Petals on Blades
Chapter 15 – Petals on Blades
“Are you,” she asked, her voice too calm, “Han Si‑woo?”
“....No.”
I told the truth. It was simple, really. If I lied and they found out, I didn’t know what they would do.
Telling the truth felt safer.
Between a torturous death and a less painful one, I chose the easier option.
Of course, I didn’t know what was going on inside those women’s heads.
But it turned red.
My lie became the truth.
She asked. Twice.
Both times the orb had burned my hand red, like I’d spit in its face.

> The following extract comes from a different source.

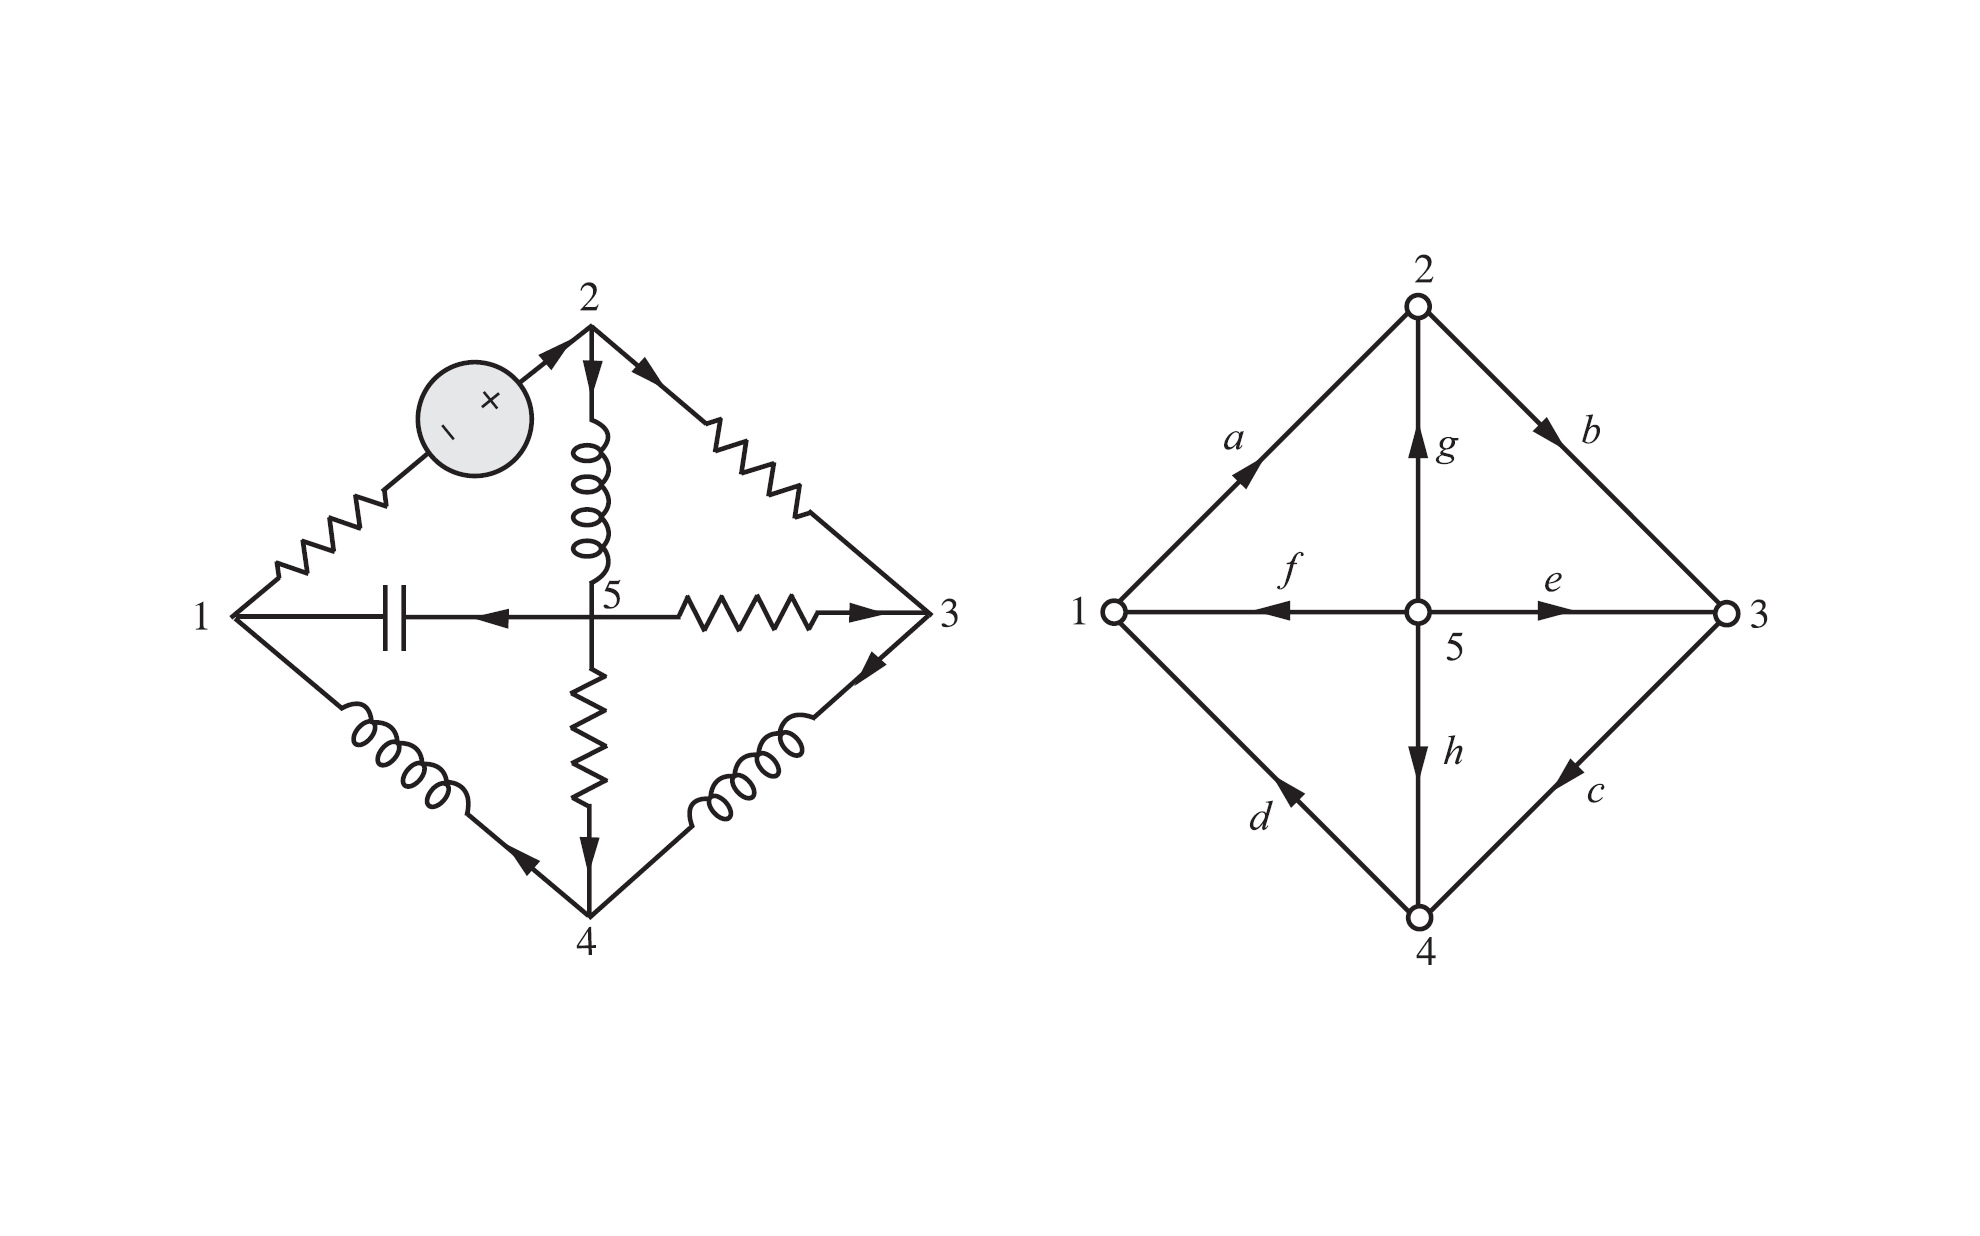 حلقه و کات ست در مدار | به زبان ساده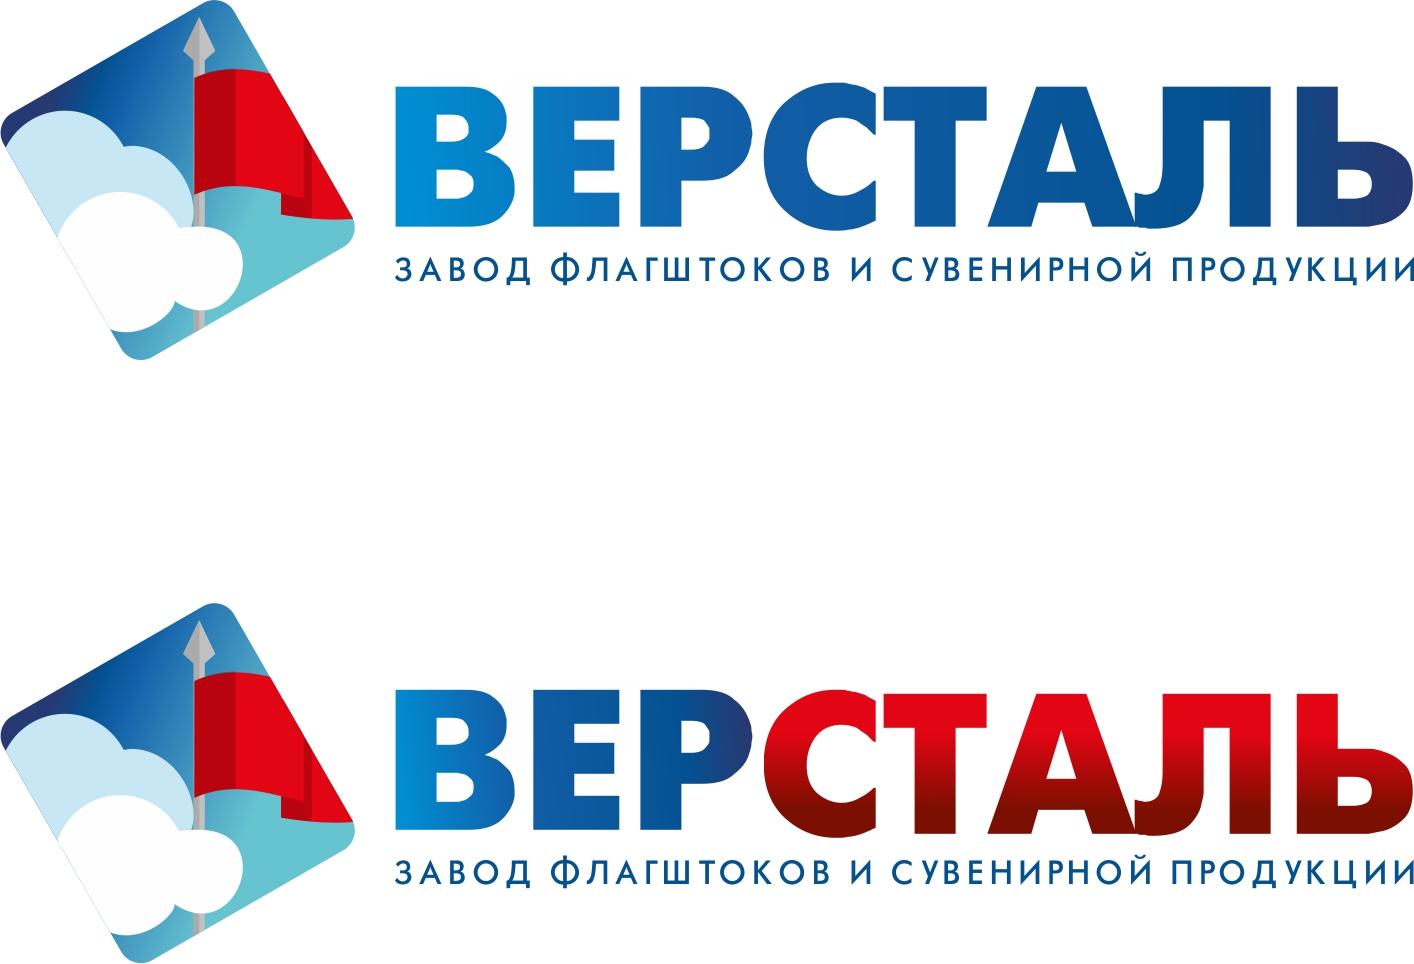 Разработка названия бренда + логотип фото f_783590c5be39db33.jpg

Then Cha Eun-ha asked again, her eyes locked on mine.
“Are you really Han Si-woo?”
This time, I said, “Yes.”
And the damn thing had turned: Blue
Truth.
…What truth.
I’m not him. I knew that much. I was a squatter wearing his skin.
But whatever the reason, why the orb didn’t work or whoever hand it was in. It didn’t matter. I got to live to see another day.
Eun‑ha’s knees hit the snow.
The orb slipped from our hands and rolled into a dirty patch of slush.
She stared at it like it had reached up and slapped her.
The wind howled.
Eun‑ha’s head bowed. Her shoulders shook.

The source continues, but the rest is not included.